===== INPUT DATA =====

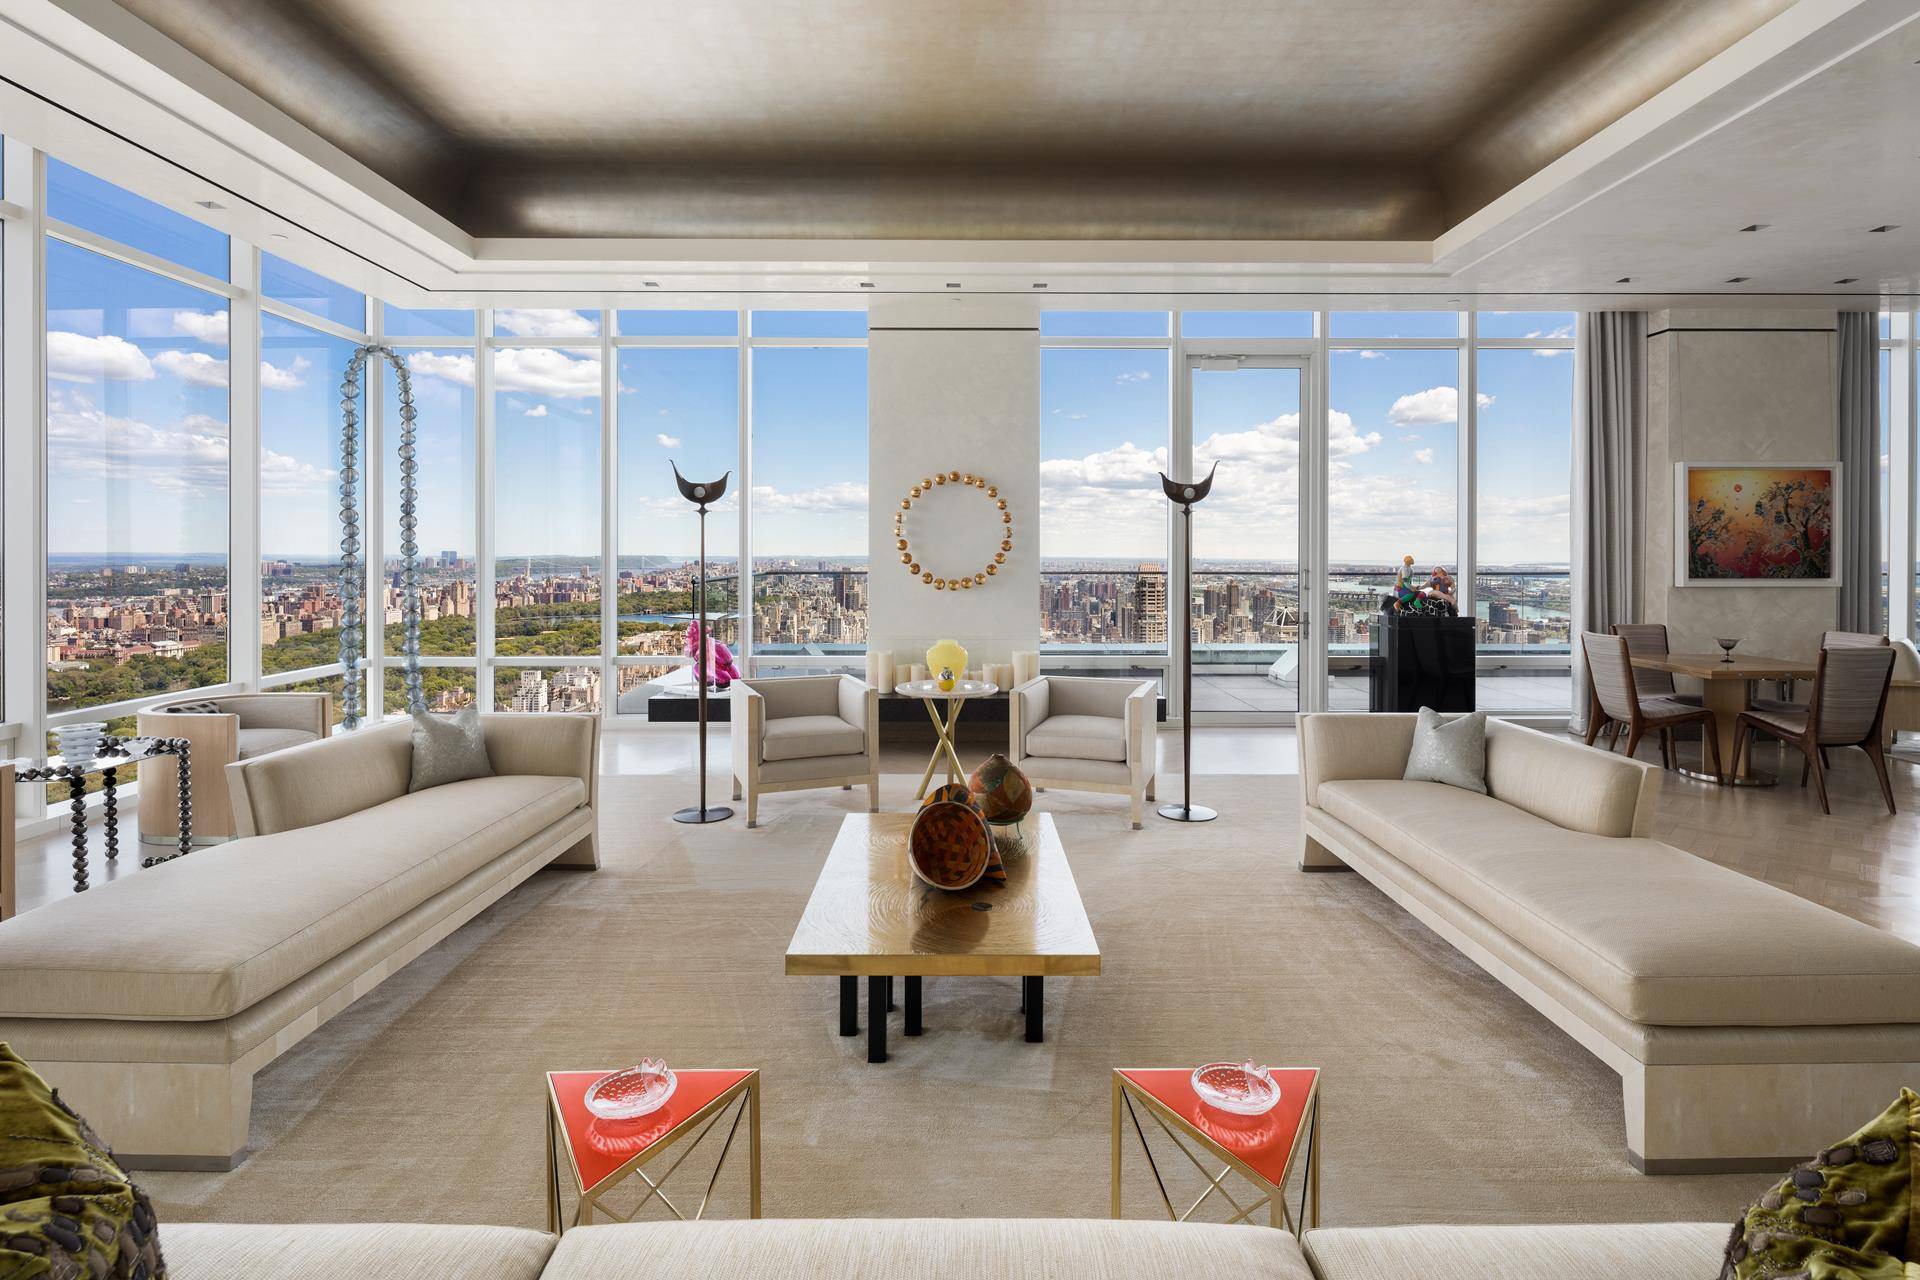 Penthouse 50 in One Beacon Court Welcome to the most magnificent uptown condominium residence with the grandest scale of any apartment on 1 floor over 9, 500 square feet plus ...
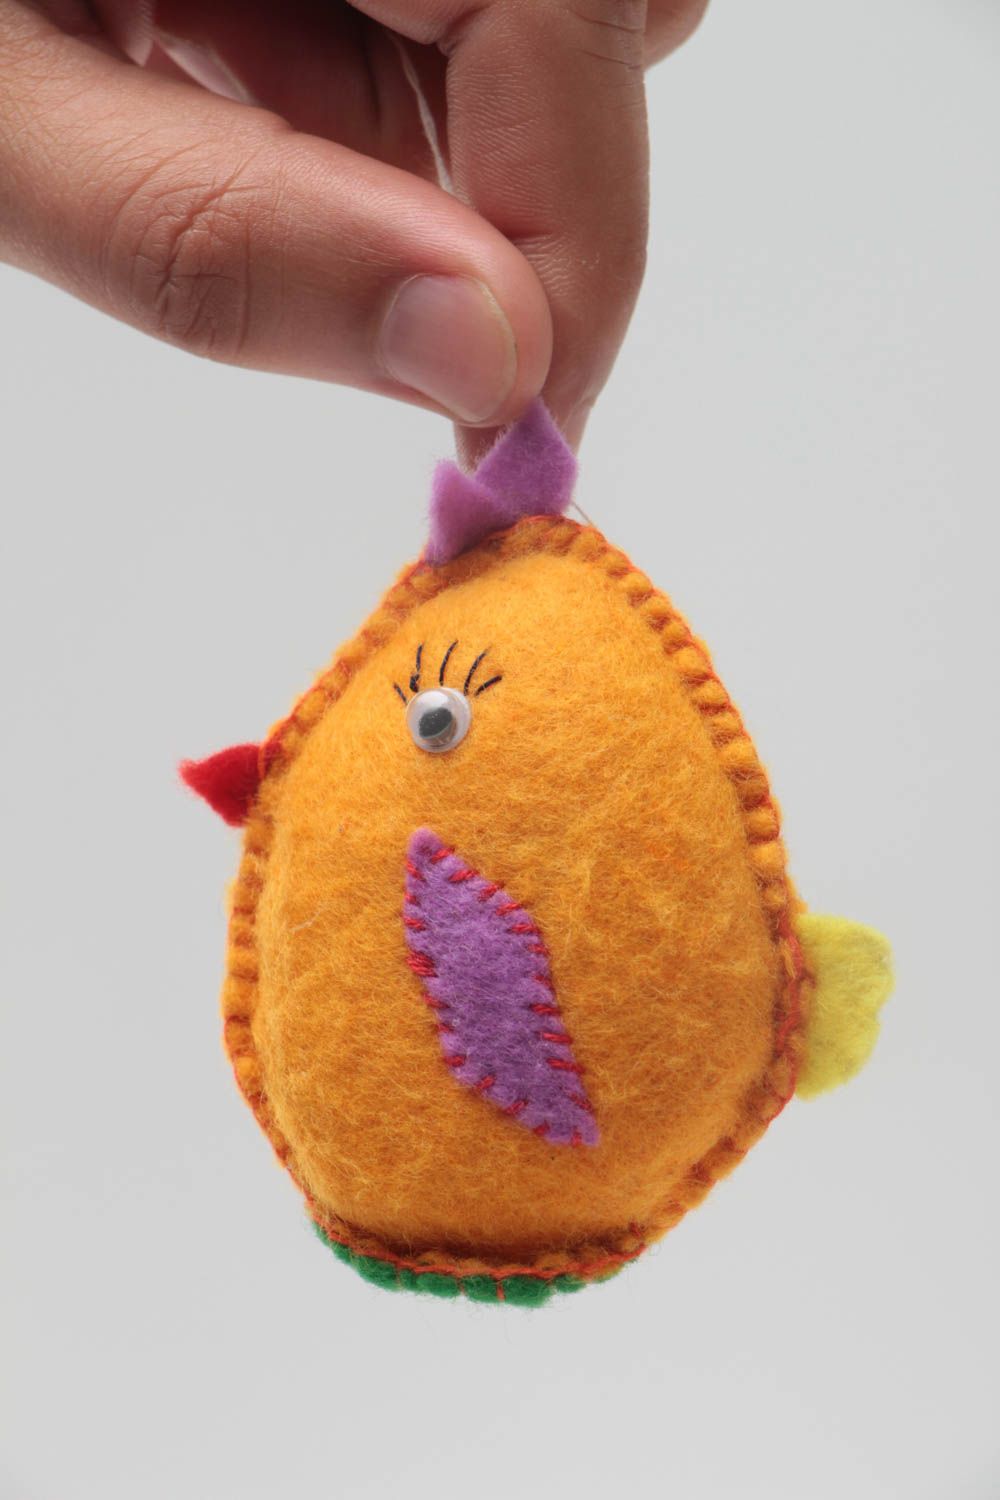 Handmade felt toy in the form of small yellow chick for children and decor photo 5
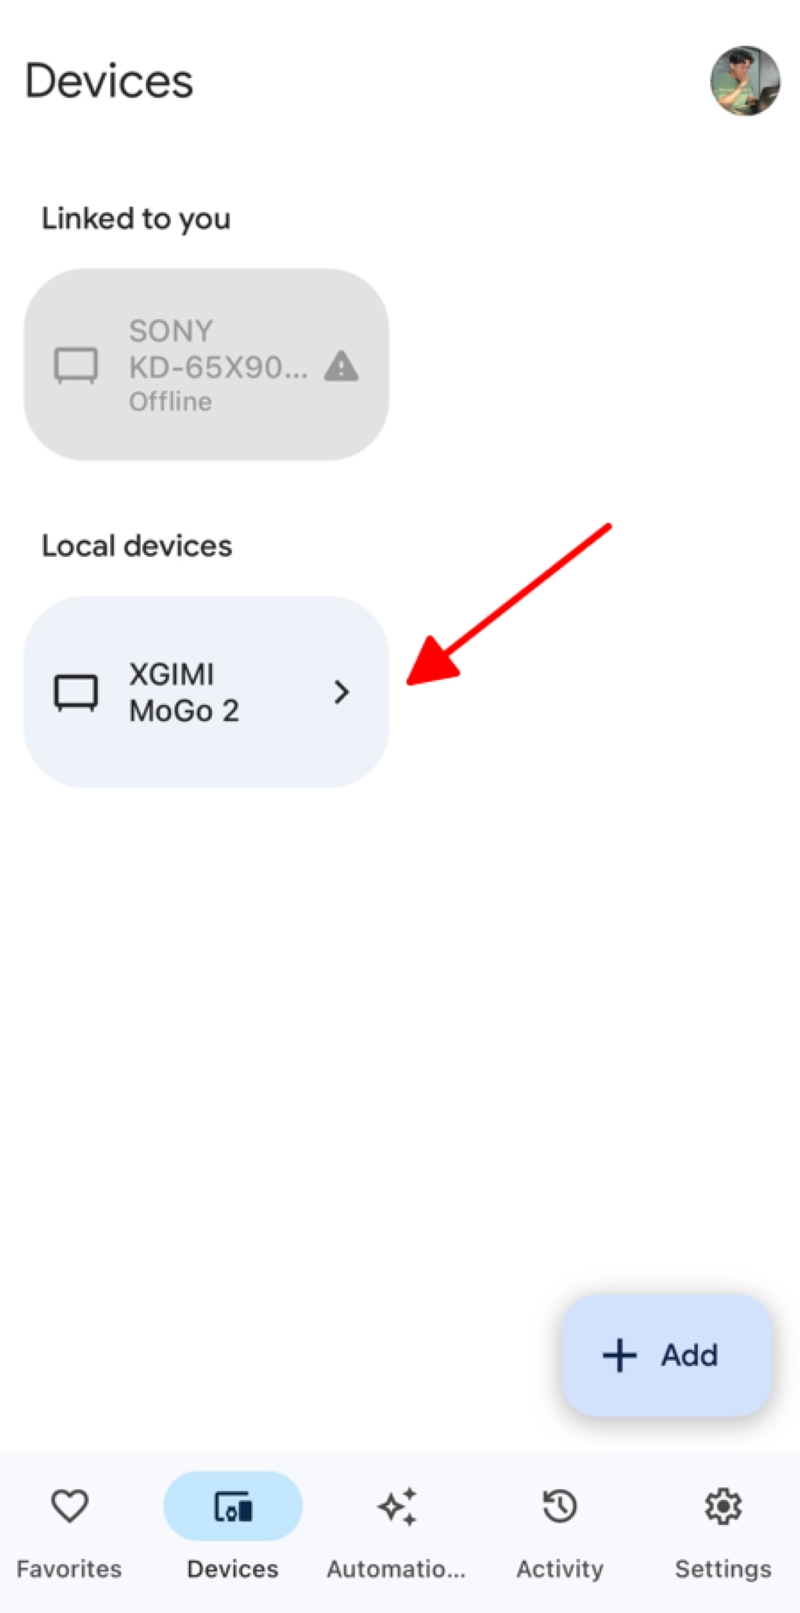 select the XGIMI Mogo 2 projector on the Google Home Devices section

=====

▸ **WHAT THE EXERCISE ASKS**:
If the material above contains pictures, exclude them from an otherwise exact transcription.

▸ **ANSWER TO THE PROBLEM**:
 Penthouse 50 in One Beacon Court Welcome to the most magnificent uptown condominium residence with the grandest scale of any apartment on 1 floor over 9, 500 square feet plus ...
 Handmade felt toy in the form of small yellow chick for children and decor photo 5
 select the XGIMI Mogo 2 projector on the Google Home Devices section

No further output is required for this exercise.